** Task brief **
None of the images should appear in your copy. Transcribe the data in full.

** Data below **
========================
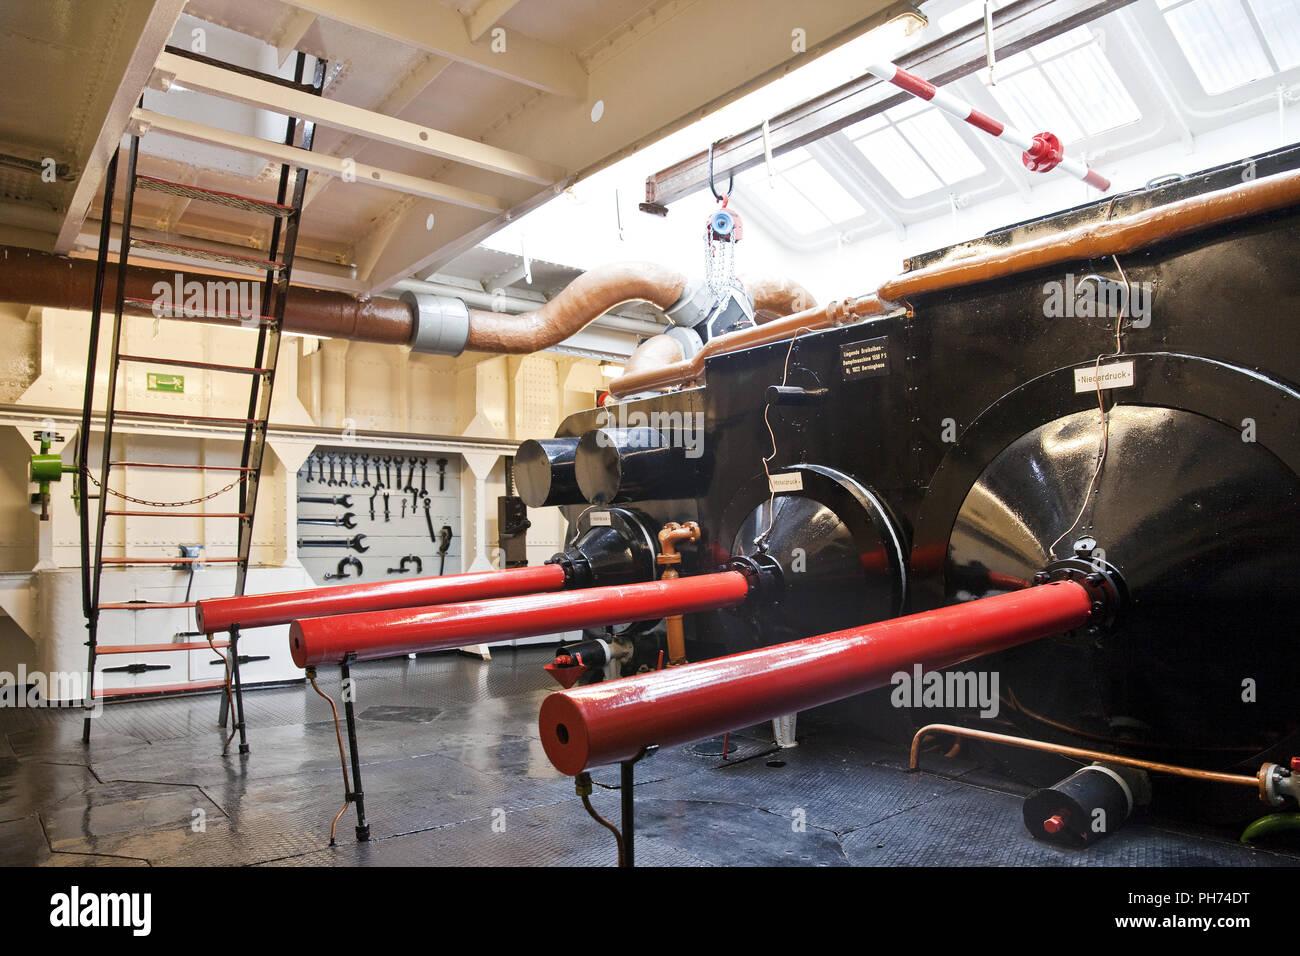 Barco Museo Oscar Huber, Duisburg, Alemania Imagen De Stock
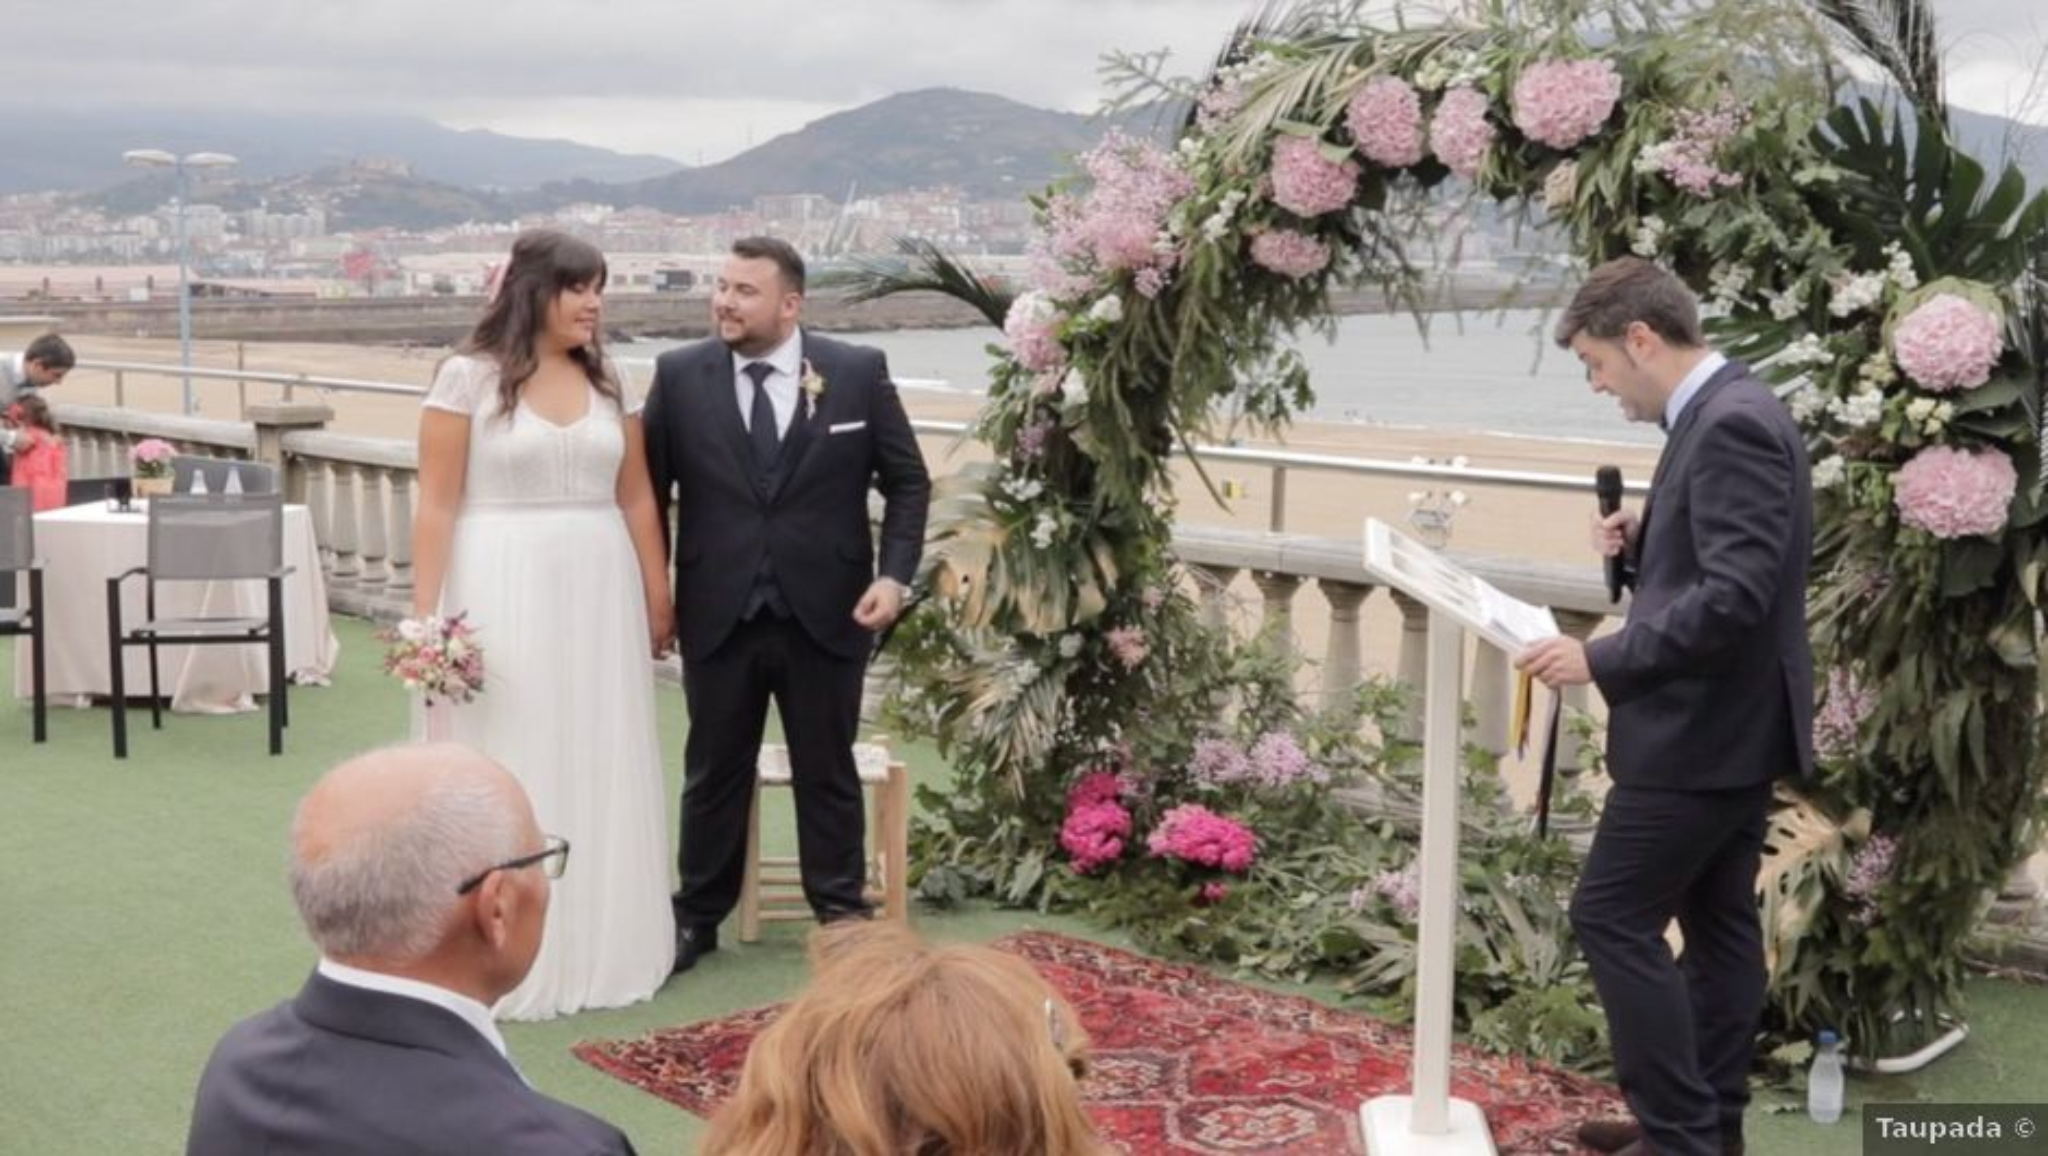 La boda de Quino y Raquel en Getxo, Vizcaya
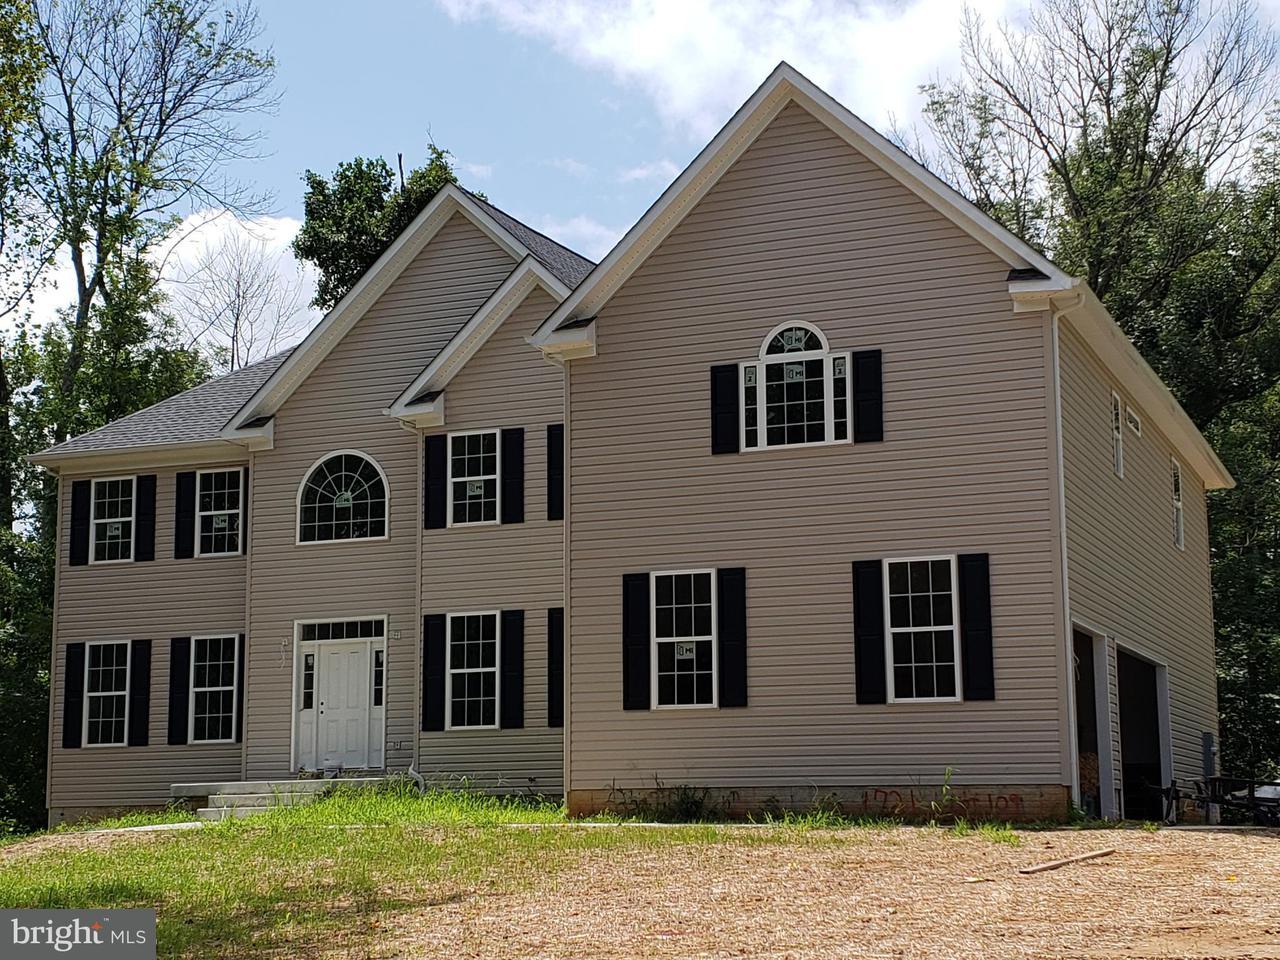 Casa Unifamiliar por un Venta en 109 CAMP GEARY Lane 109 CAMP GEARY Lane Stafford, Virginia 22554 Estados Unidos
========================
** Final answer **
 Barco Museo Oscar Huber, Duisburg, Alemania Imagen De Stock
 La boda de Quino y Raquel en Getxo, Vizcaya
 Casa Unifamiliar por un Venta en 109 CAMP GEARY Lane 109 CAMP GEARY Lane Stafford, Virginia 22554 Estados Unidos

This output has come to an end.